# Quotient Ring of Ring with Unity is Ring with Unity

## Theorem

Let $\struct {R, +, \circ}$ be a ring with unity whose zero is $0_R$ and whose unity is $1_R$.

Let $J$ be an ideal of $R$.

Let $\struct {R / J, +, \circ}$ be the quotient ring defined by $J$.

Then $\struct {R / J, +, \circ}$ is a ring with unity, and its unity is $1_R + J$.

## Proof

Let $\struct {R, +, \circ}$ be a ring with unity.

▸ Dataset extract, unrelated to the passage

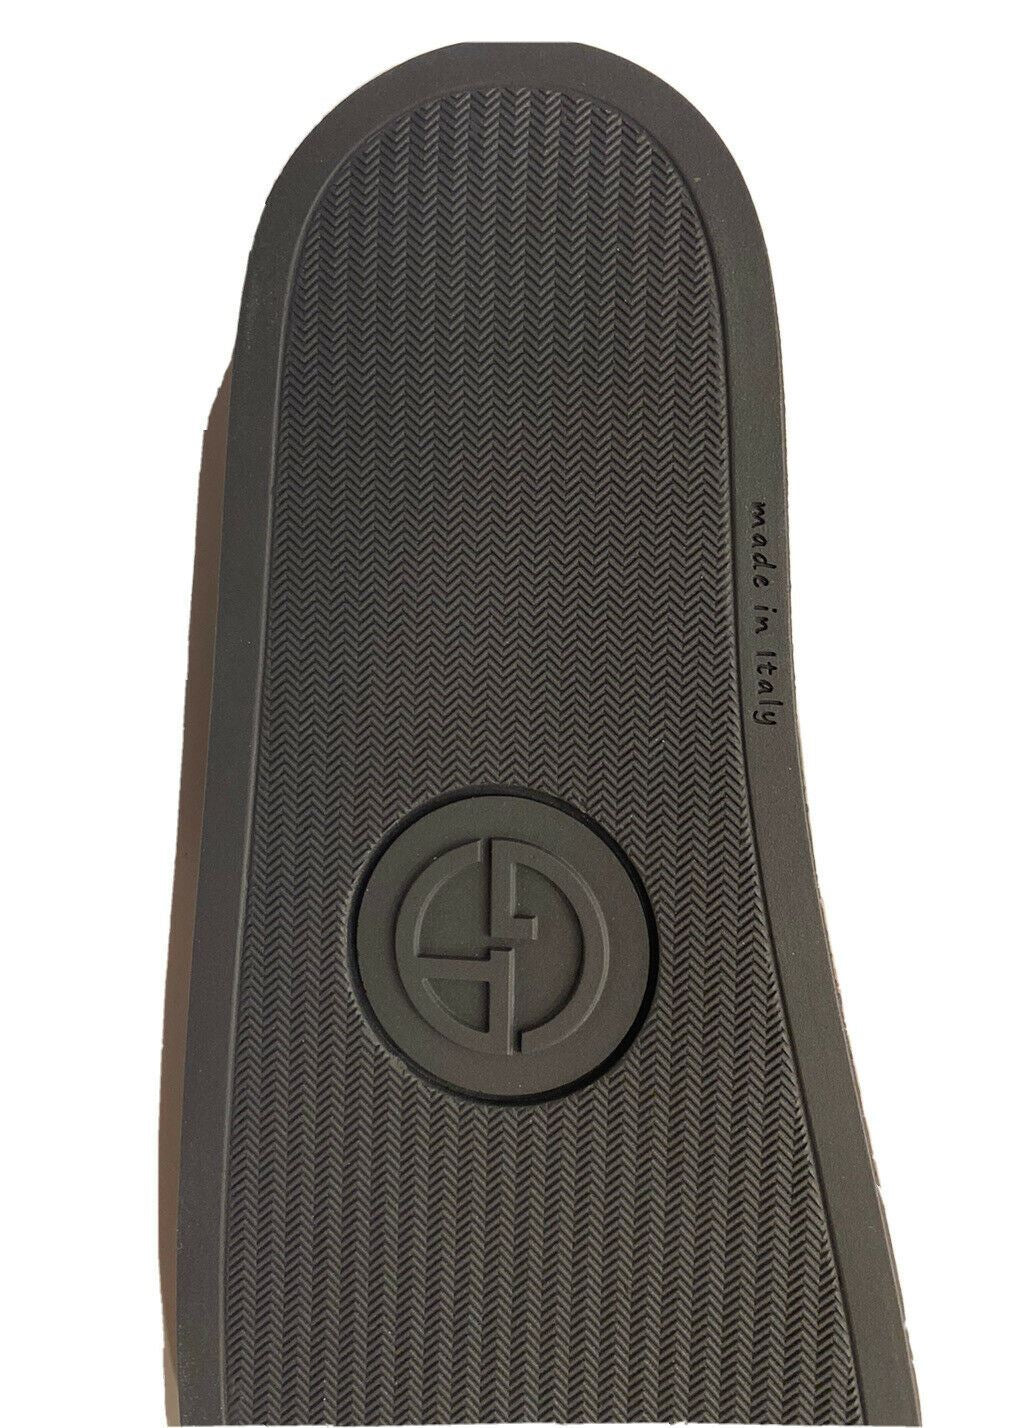 NIB $295 Giorgio Armani Men's Rubber Gray/Black Sandals 8.5 US (42 Eu) IT X2P069
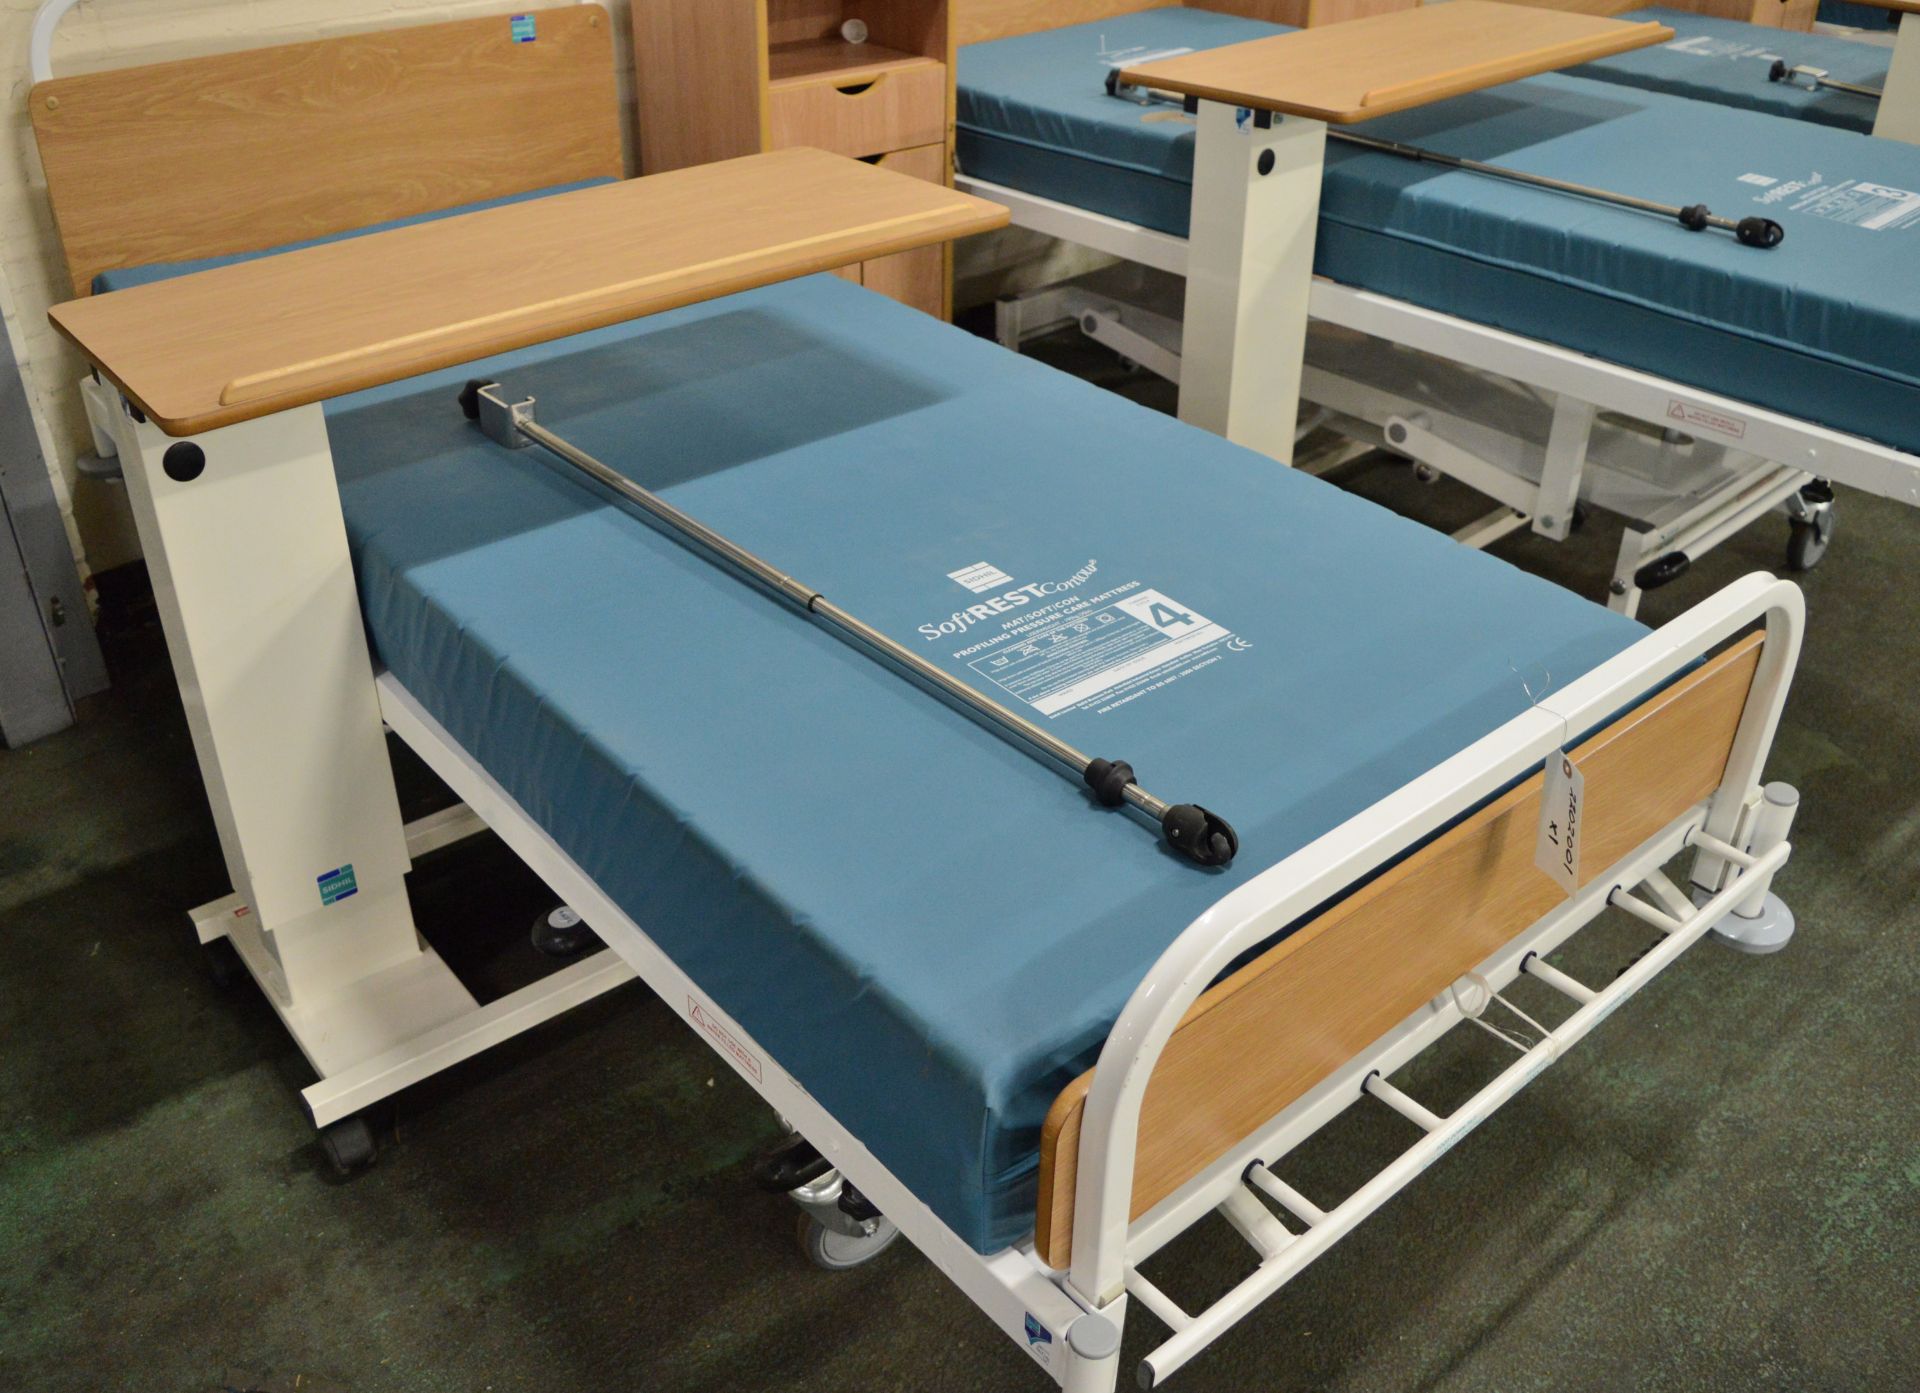 2x Hospital Bed & Furniture Sets. - Image 2 of 3

First, let $J \subsetneq R$.

$1_R \in J \implies J = R$

So $1_R \notin J$.

Thus $1_R + J \ne J$, so $1_R + J \ne 0_{R/J}$.

Now let $x \in R$.

 $\ds \paren {1_R + J} \circ \paren {x + J}$ $=$ $\ds 1_R \circ x + J$ Definition of $\circ$ in $R / J$ $\ds$ $=$ $\ds x + J$ Definition of Unity of Ring $\ds$ $=$ $\ds x \circ 1_R + J$ Definition of Unity of Ring $\ds$ $=$ $\ds \paren {x + J} \circ \paren {1_R + J}$ Definition of $\circ$ in $R / J$

Thus $R / J$ has a unity, and that unity is $1_R + J$.

Now suppose $J = R$.

Then $1_R + J = J$ and therefore $1_R = 0_R$.

The only ring to have $1_R = 0_R$ is the null ring.

This is appropriate, because:

$R / J = R / R = \set {0_{R / R} }$

which is the null ring.

$\blacksquare$